A new biennial conference series on Language, Data and Knowledge takes place at the Insight Centre for Data Analytics at NUI Galway today, organised in collaboration with Goethe University, Frankfurt and Leipzig University.

Have you ever thought about the fact that language is data? Everything you write on social media, everything curated in digital archives, company files and records, your emails, all contain a wealth of data. But language is complicated and, for computers, the quirks and inconsistencies in how we use language can prove challenging. But understanding and interpreting language as humans use it is becoming a pivotal part of both machine learning and artificial intelligence.

LDK brings together researchers from across disciplines concerned with the acquisition, curation and use of language data in the context of data science and knowledge-based applications. With the advent of the web and digital technologies, an ever-increasing amount of language data is now available across application areas and industry sectors, including social media, digital archives, company records and so-on.
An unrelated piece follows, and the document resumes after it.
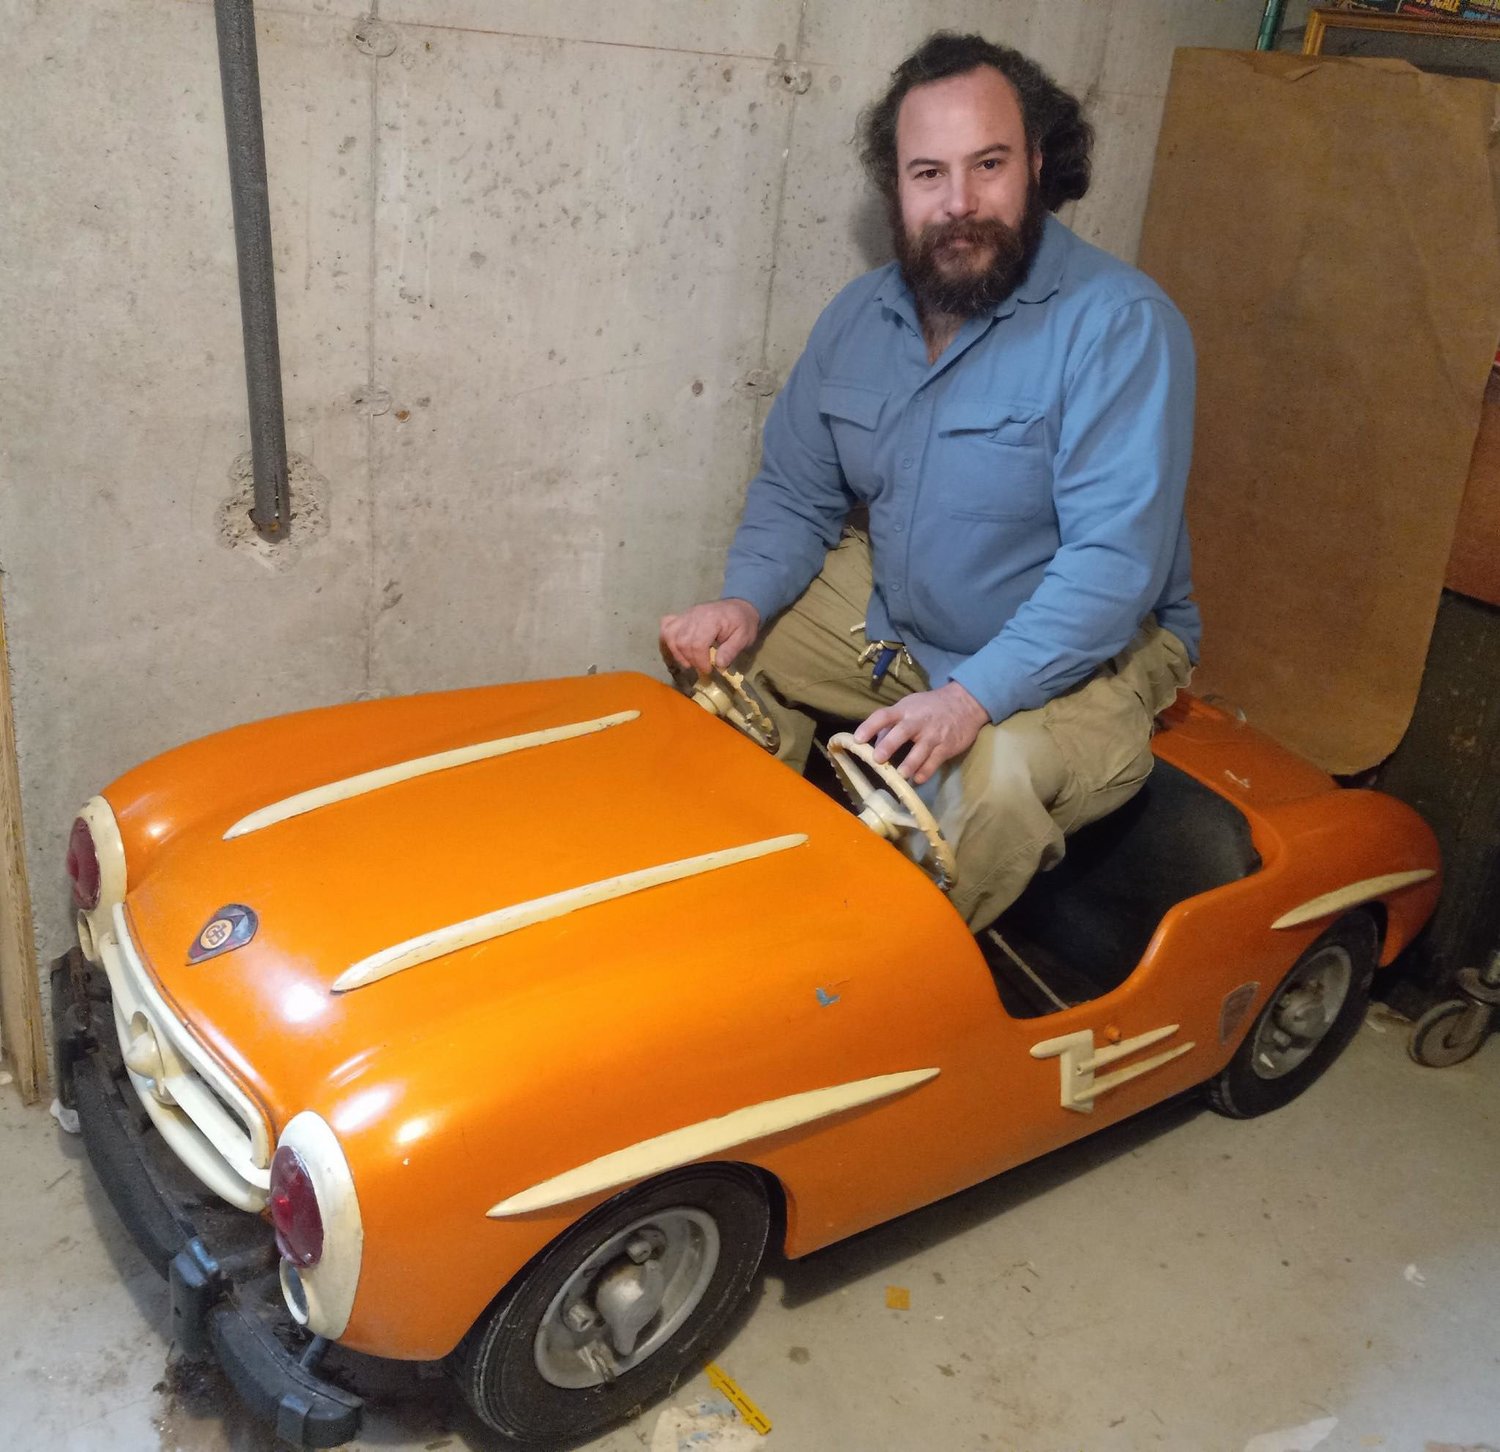 Being a collector himself, Sam Pardo, a co-manager of Hidden Thrift and vendor at Cabinet of Curiosities, owns one of cars from Nunley’s Carousel, among other Baldwin memorabilia.

The efficient and meaningful exploitation of this data in scientific and commercial innovation is at the core of data science research, employing Natural Language Processing (NLP) and machine learning methods as well as semantic technologies based on knowledge graphs.

Conference organiser Dr Paul Buitelaar said, “Language data is of increasing importance to machine learning-based approaches in NLP, Linked Data and Semantic Web research. The acquisition, provenance, representation, maintenance, usability, quality as well as legal, organisational and infrastructure aspects of language data are rapidly becoming major areas of interest and these will be a big focus of the conference.”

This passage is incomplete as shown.